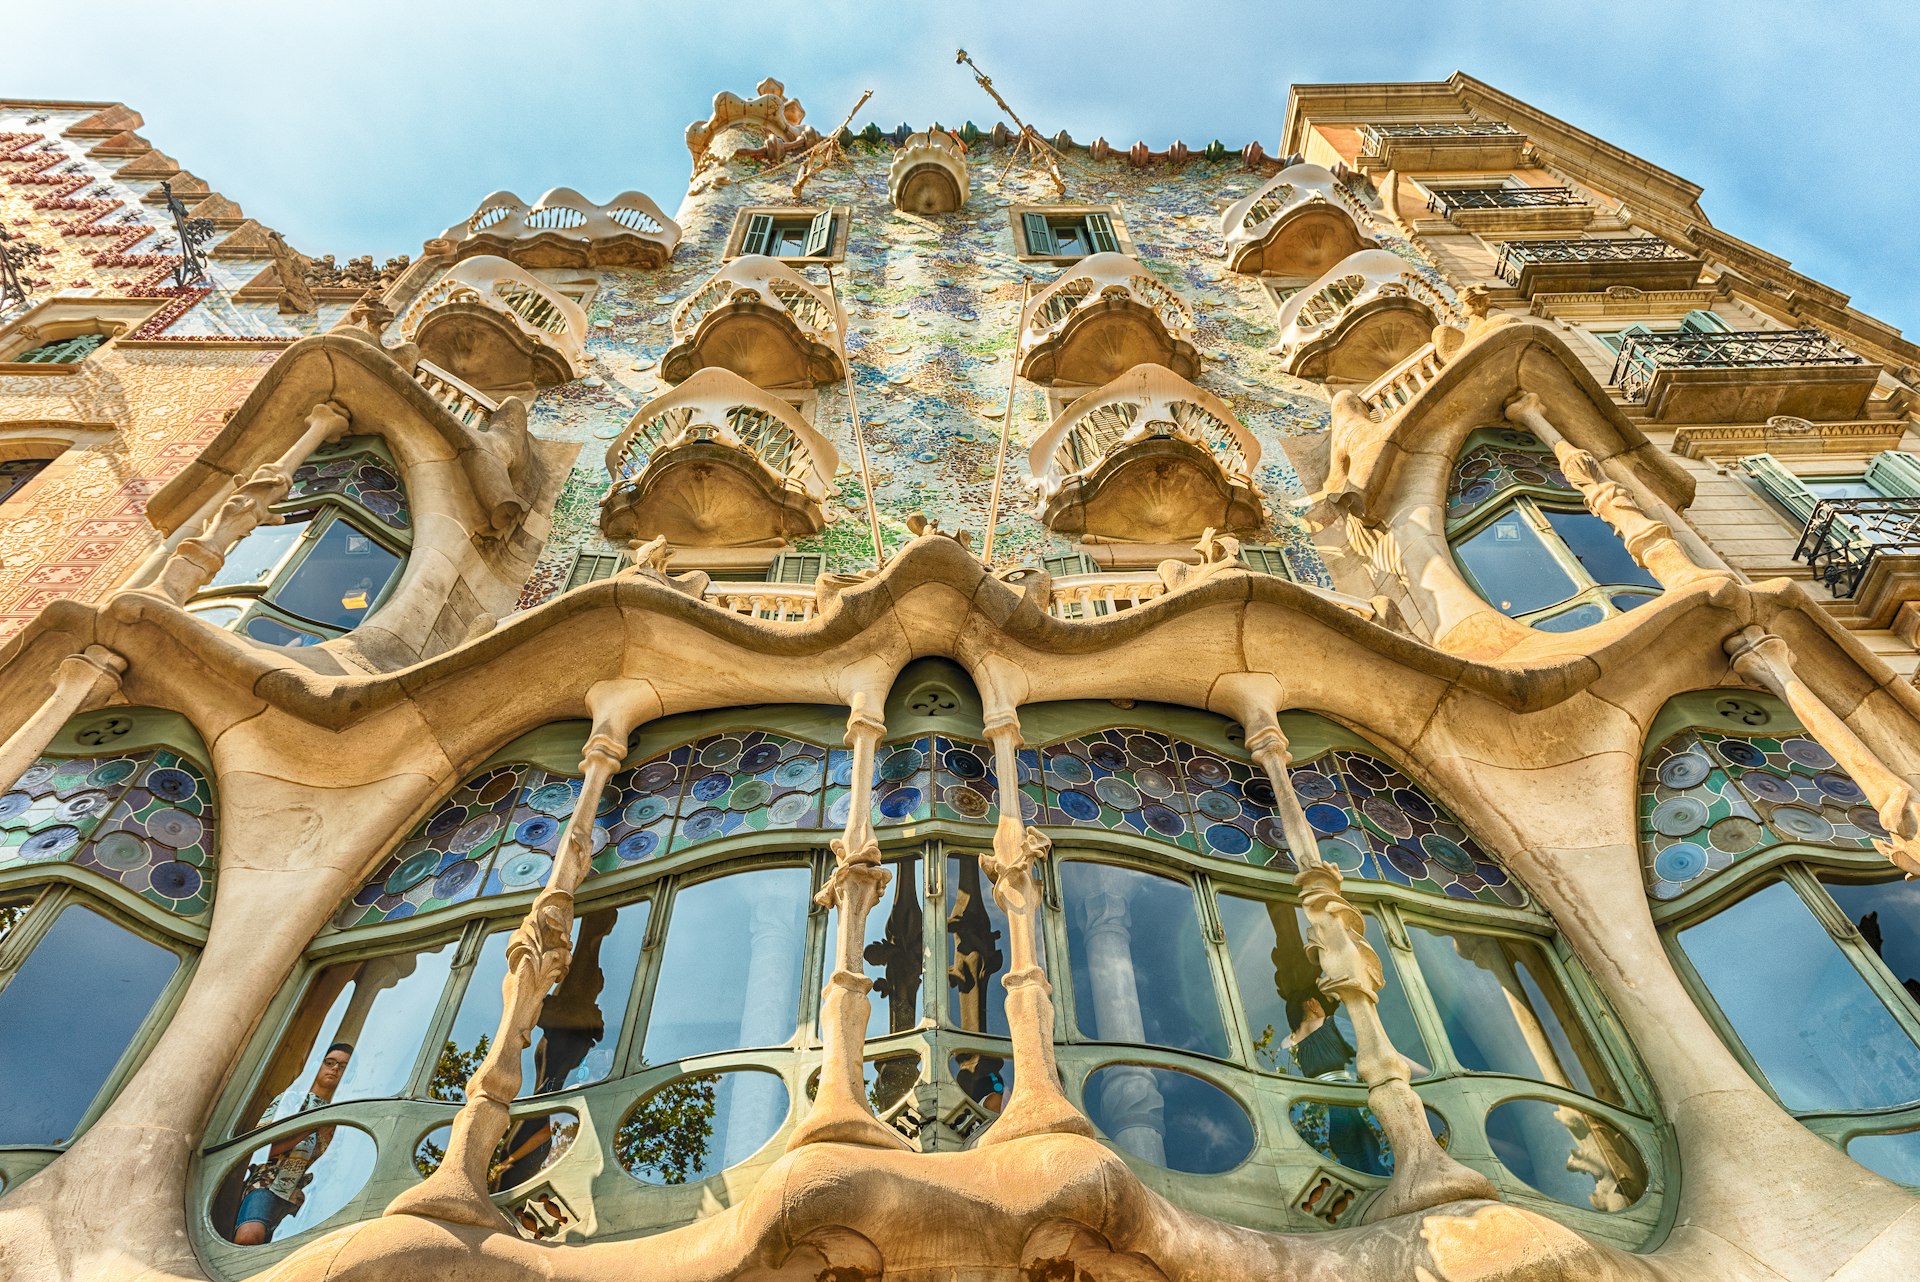 Fachada de la obra maestra modernista Casa Batlló, un edificio de renombre diseñado por Antoni Gaudí, Barcelona, Cataluña, España
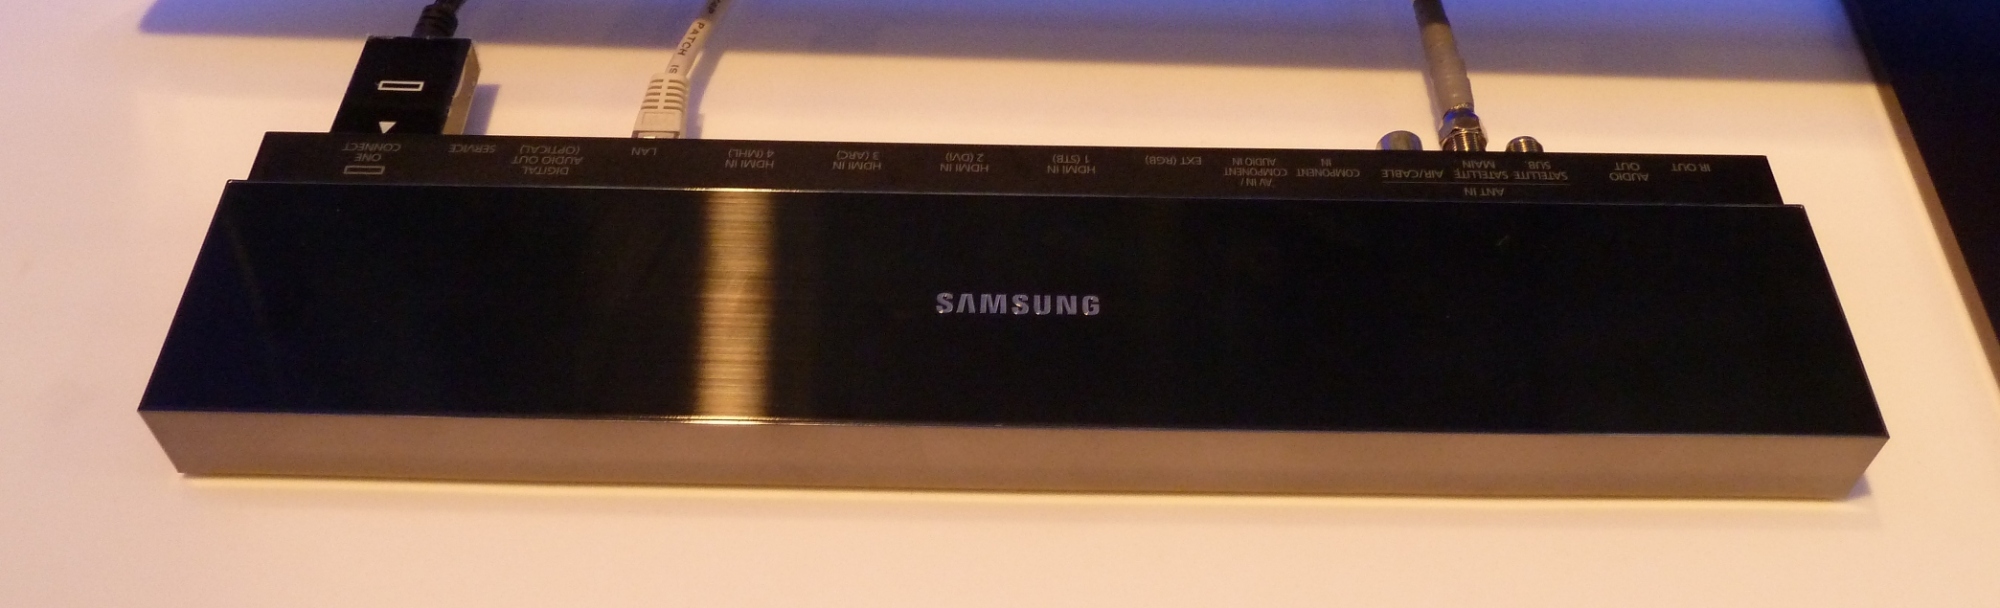 Samsung UHD-TVs: Zukunftssicher dank One-Connect-Box | heise online
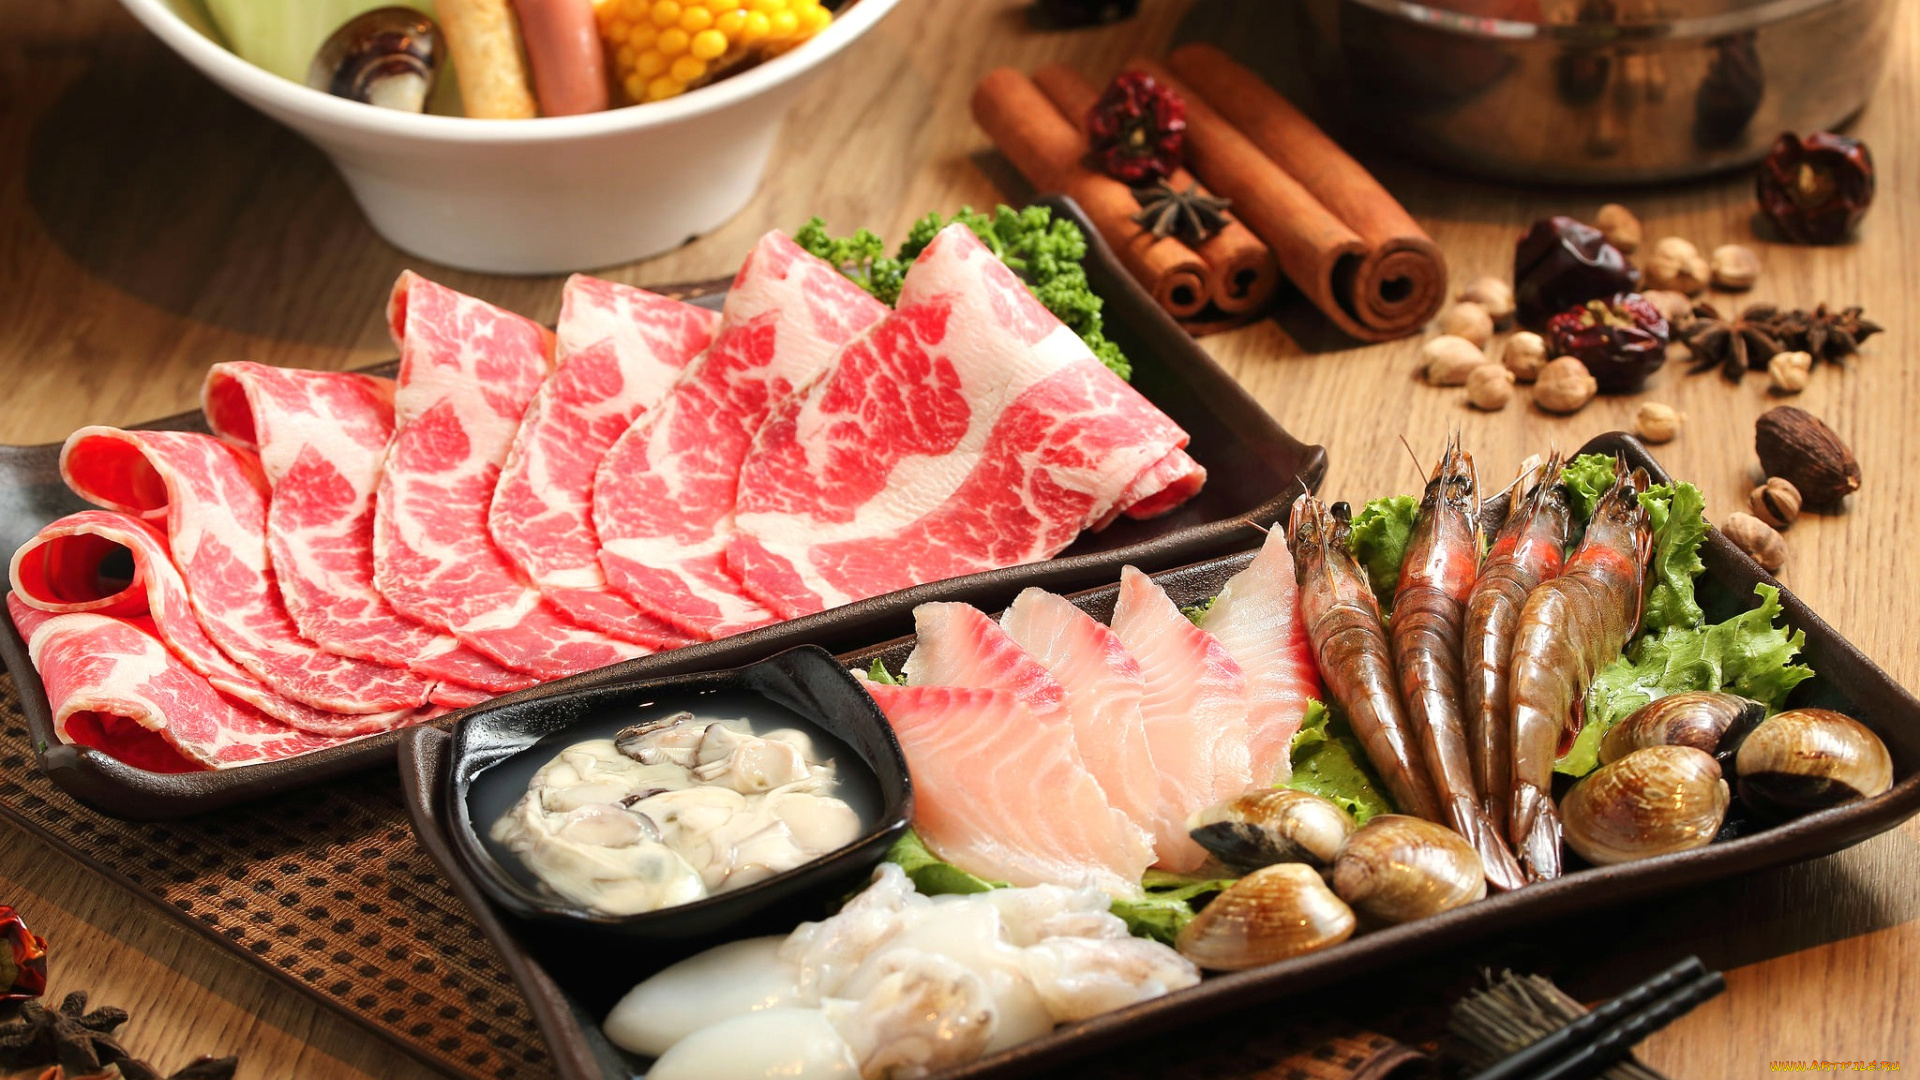 еда, разное, моллюски, мясо, кальмары, бадьян, корица, специи, рыба, креветки, морепродукты, блюда, японская, кухня, ассорти

::::::::

* _ACTION ITEM_
Print the listing again exactly as it appears, except for the pictures, which stay out.

* _RESULT BELOW_
 Fachada de la obra maestra modernista Casa Batlló, un edificio de renombre diseñado por Antoni Gaudí, Barcelona, Cataluña, España
 Samsung UHD-TVs: Zukunftssicher dank One-Connect-Box | heise online
 еда, разное, моллюски, мясо, кальмары, бадьян, корица, специи, рыба, креветки, морепродукты, блюда, японская, кухня, ассорти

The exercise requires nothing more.